Multifunctional Engineered Metal–Organic Frameworks as Targeted Protein Degraders for Augmenting Cancer Therapy via Hexokinase 2 Degradation and Provoking Cuproptosis
Shasha Li, Runjie Liu, Qixuan Zhang, Jiahui Sun, Hao Hao, Chenhao Yao, Li Yan, Dan Yang, Dechun Liu

TL;DR
Researchers developed a new cancer therapy using nanoparticles that degrade a key protein and trigger cell death through copper-dependent mechanisms.
Contribution
A novel multifunctional nano-PROTAC system that degrades HK-2 and induces cuproptosis for enhanced cancer therapy.
Findings
PHDs reduced HK-2 expression by over 40% in 4T1 and CT26 cells.
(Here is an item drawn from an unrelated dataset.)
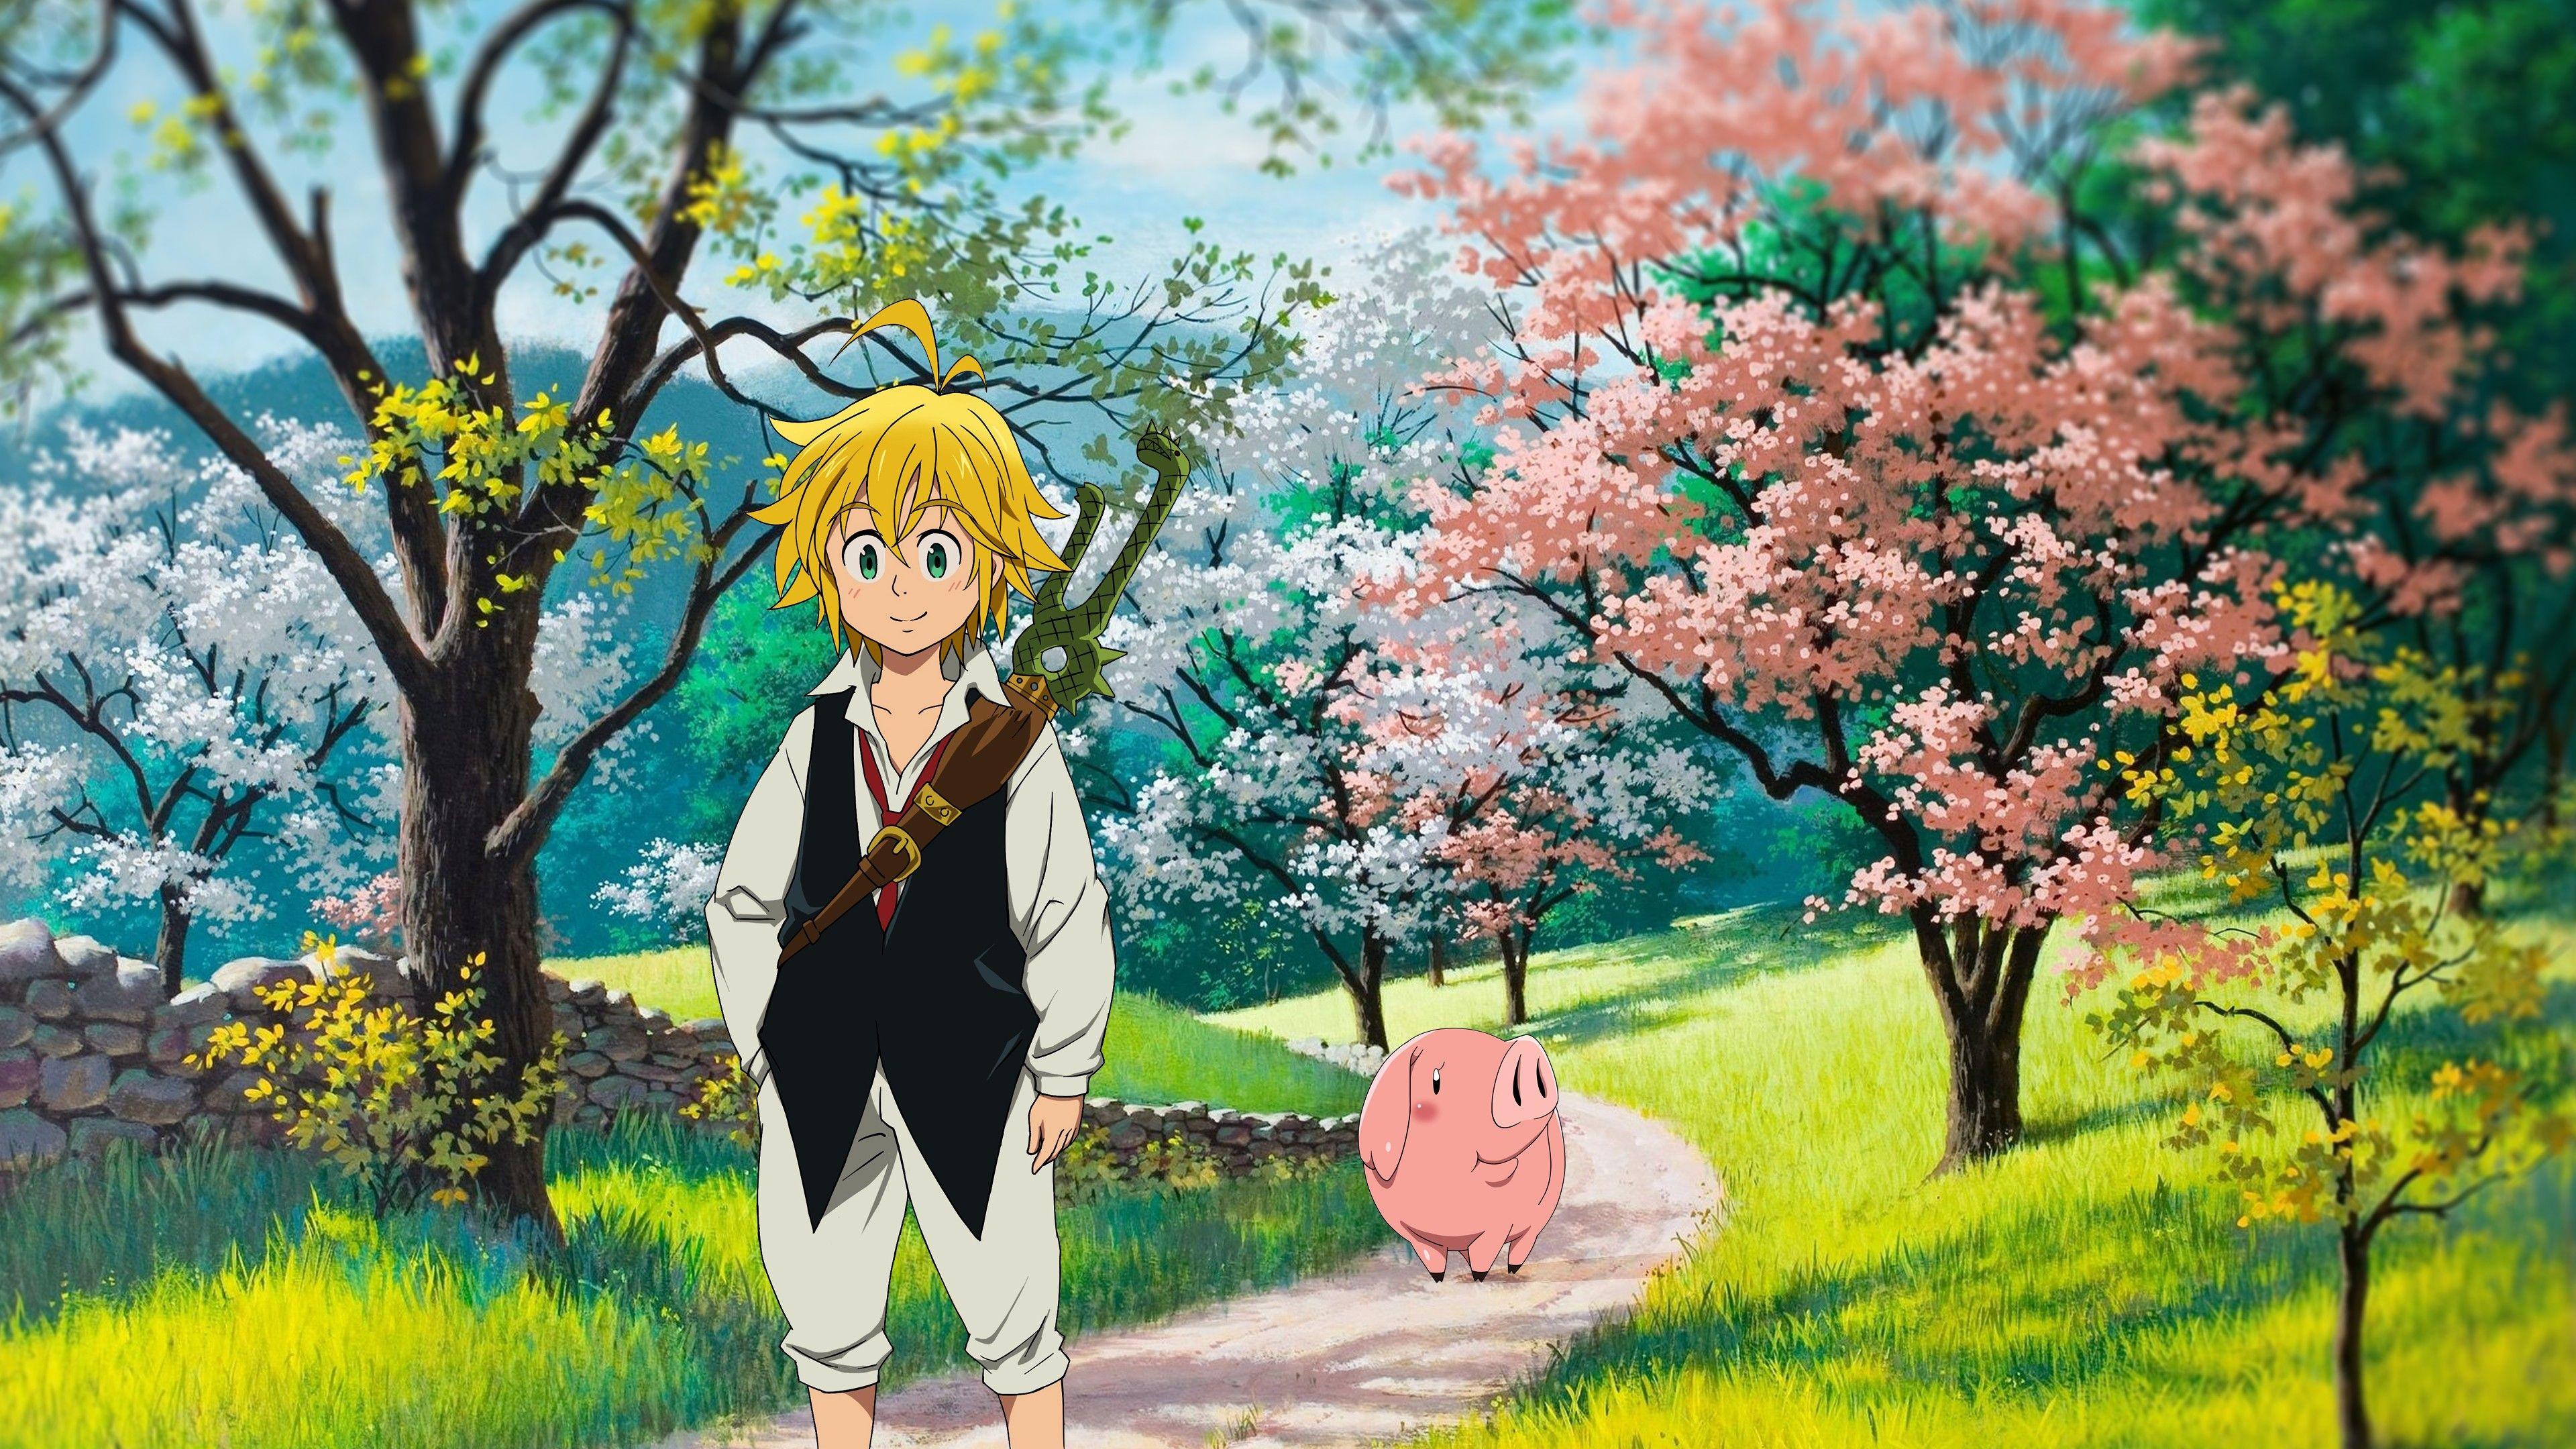 Nanatsu No Taizai 4k Pig Wallpapers Hd Wallpapers Digital Art Wallpapers Artwork Wallpapers Artist Wa In 2020 Anime Wallpaper Seven Deadly Sins Anime Art Wallpaper
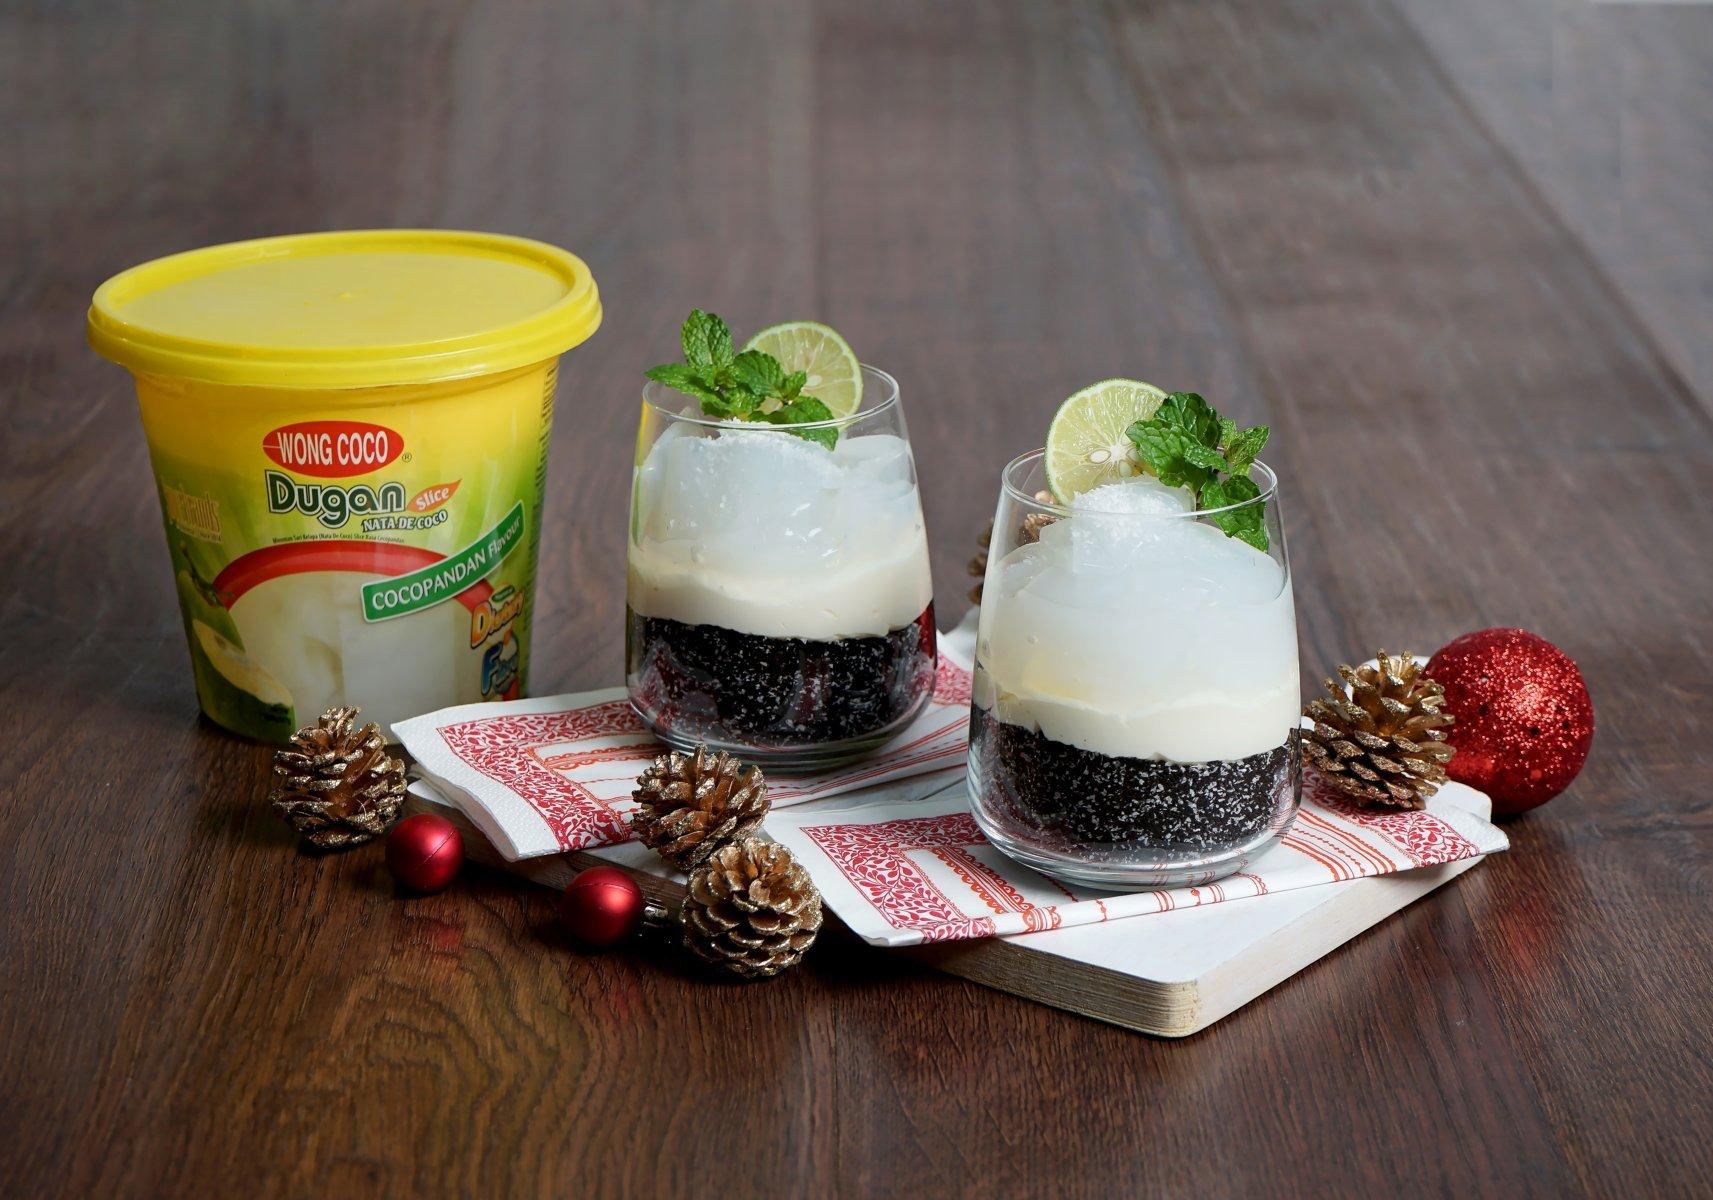 Coconut Cheese & Wong Coco Dugan

CHNDs inhibited tumor growth in mice with 76.6% and 55.3% inhibition rates for colon and breast tumors.
The system induced cuproptosis and disrupted both mitochondrial respiration and glycolysis.
Abstract
Cuproptosis, a newly identified form of copper-dependent programmed cell death, has emerged as a potential therapeutic strategy for cancer treatment. However, its antitumor efficacy was strictly limited by dysregulated glycolytic metabolism of tumor cells. Herein, we proposed multifunctional copper-based nano-PROTACs (CHNDs) to degrade hexokinase 2 (HK-2) and amplify cuproptosis for cancer therapy via dual mitochondrial energy depletion. Our initial evaluation indicated that polyethyleneimine (PEI)-based nano-PROTACs (PHDs) triggered HK-2 degradation via the ubiquitin–proteasome system (UPS). PHDs reduced HK-2 expression to 43.7% in 4T1 cells and 42.1% in CT26 cells, which consequently impaired glycolysis in tumor cells. Furthermore, copper ion release from CHNDs in a controlled manner and the glucose metabolism homeostasis interference by PHDs orchestrally induced effective cuproptosis…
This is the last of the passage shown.